Type 1 Diabetes
Previously known as juvenile diabetes. When you have type 1 diabetes, your pancreas stops making insulin. Without insulin, your cells cannot get glucose for energy. Taking insulin will be necessary to allow glucose to enter your cells and keep your blood glucose within a healthy range.
Type 2 Diabetes
Most common form of diabetes.

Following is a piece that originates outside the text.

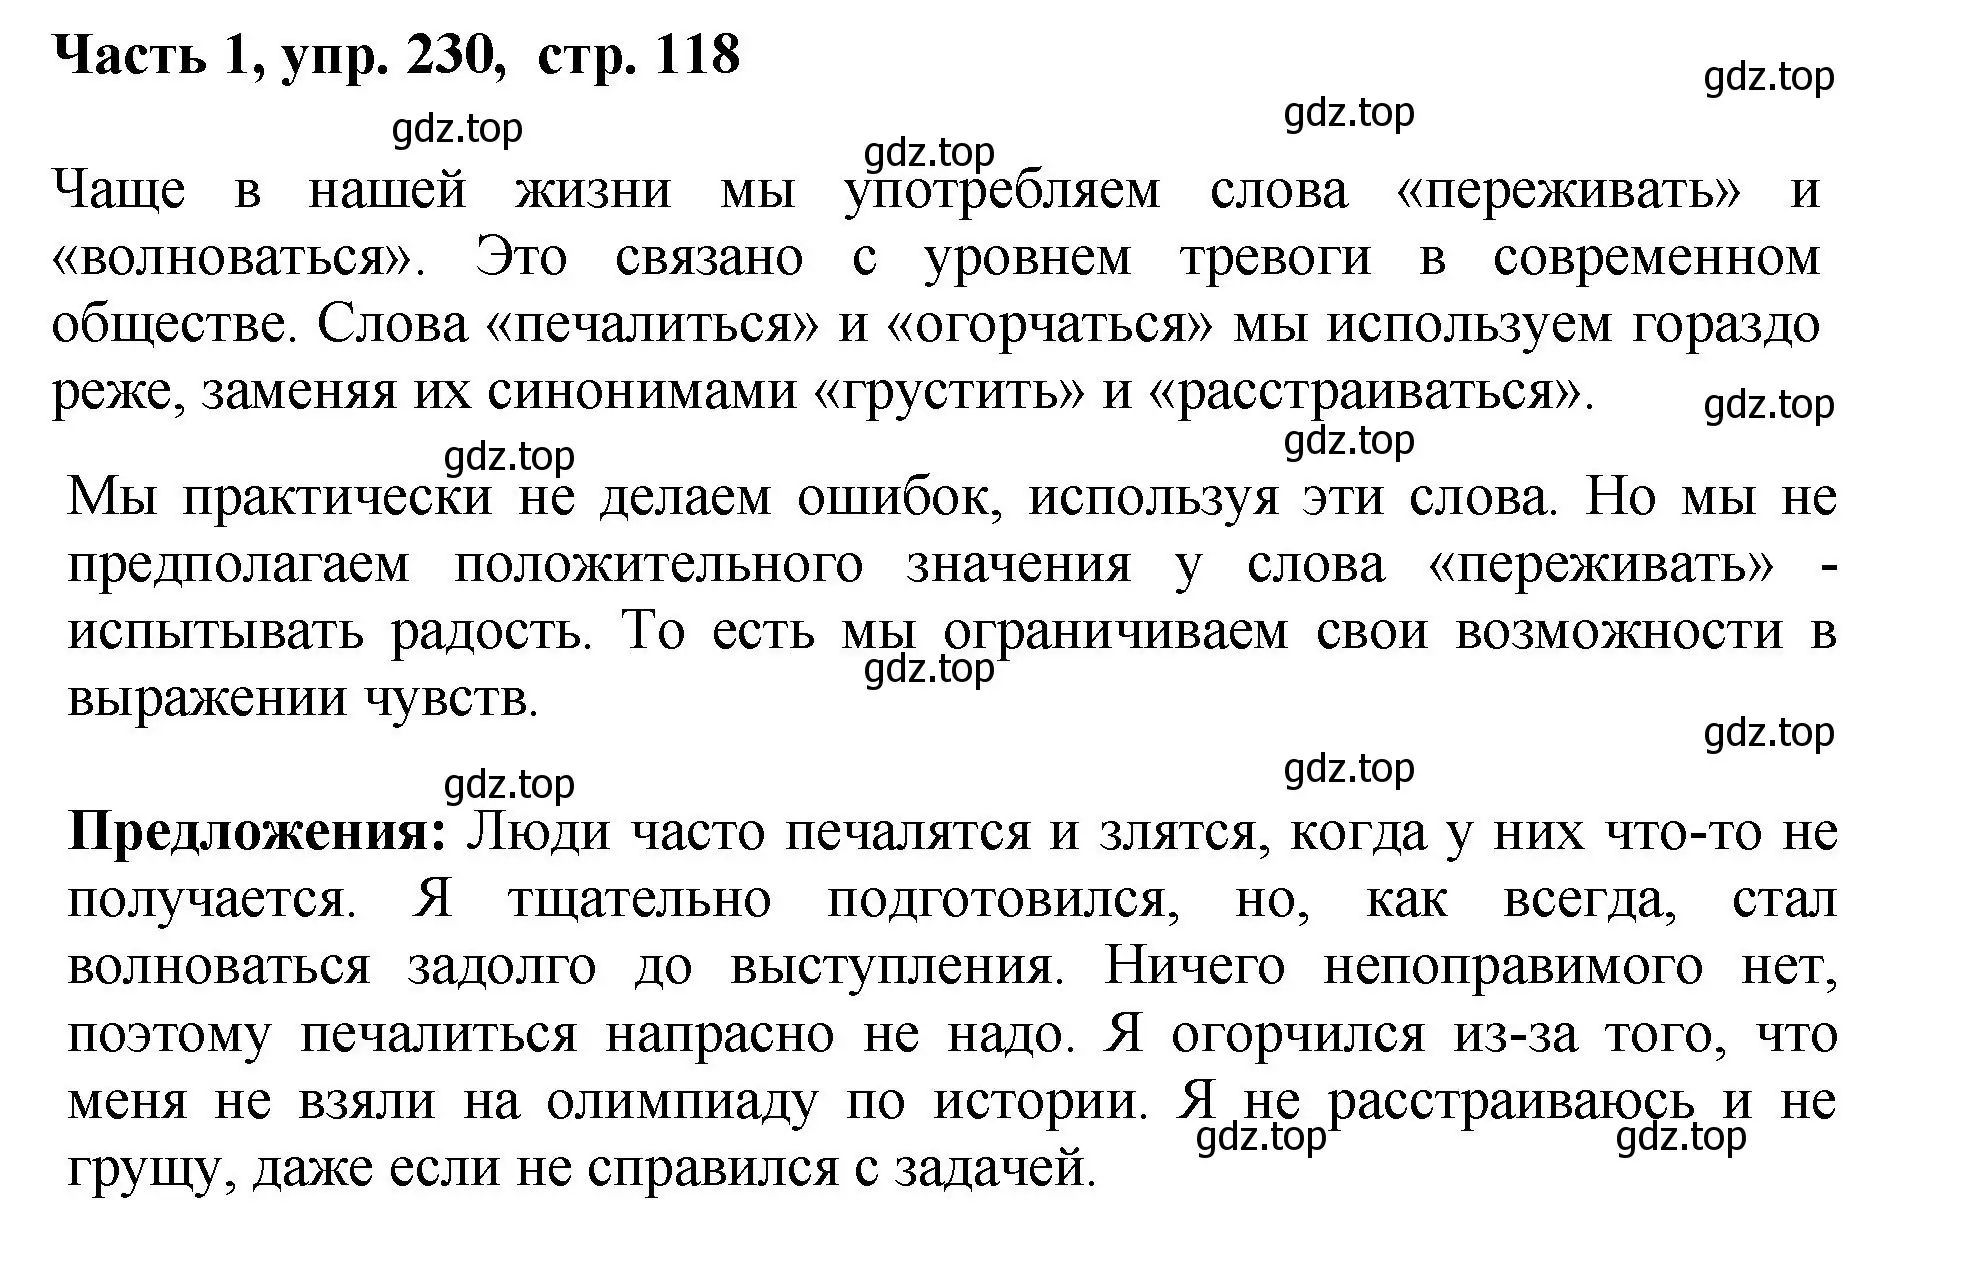 Решение номер 230 (страница 118) гдз по русскому языку 6 класс Баранов, Ладыженская, учебник 1 часть

With type 2 diabetes, your body still makes insulin*, however, one or both of the following problems may exist: (1) Cells are insulin resistant (they don't respond well to insulin). (2) The pancreas does not make enough insulin. *Insulin is necessary to move glucose out of the blood stream into the cells to be used for energy.
Before people develop type 2 diabetes, they almost always have "pre-diabetes" - blood glucose levels that are higher than normal but not yet high enough to be diagnosed as diabetes. Recent research has shown that some long-term damage to the body, especially the heart and circulatory system, may already be occurring during pre-diabetes. If you take action to manage your blood glucose when you have pre-diabetes, you can delay or prevent type 2 diabetes from developing.
Pregnant women who have never had diabetes before but who have high blood glucose levels during pregnancy are said to have gestational diabetes. Hormones from the placenta help the baby develop. But these hormones also block the action of the mother's insulin in her body. This problem is called insulin resistance. Gestational diabetes starts when your body is not able to make and use all the insulin it needs for pregnancy, leading to high blood glucose levels. Good blood glucose control for the duration of pregnancy and up to delivery is essential for best outcomes. Treatment should start as early as possible. Our diabetes educators, in conjunction with the Sweet Success Diabetes and Pregnancy Program, are here to help you manage your diabetes in a caring and supportive environment.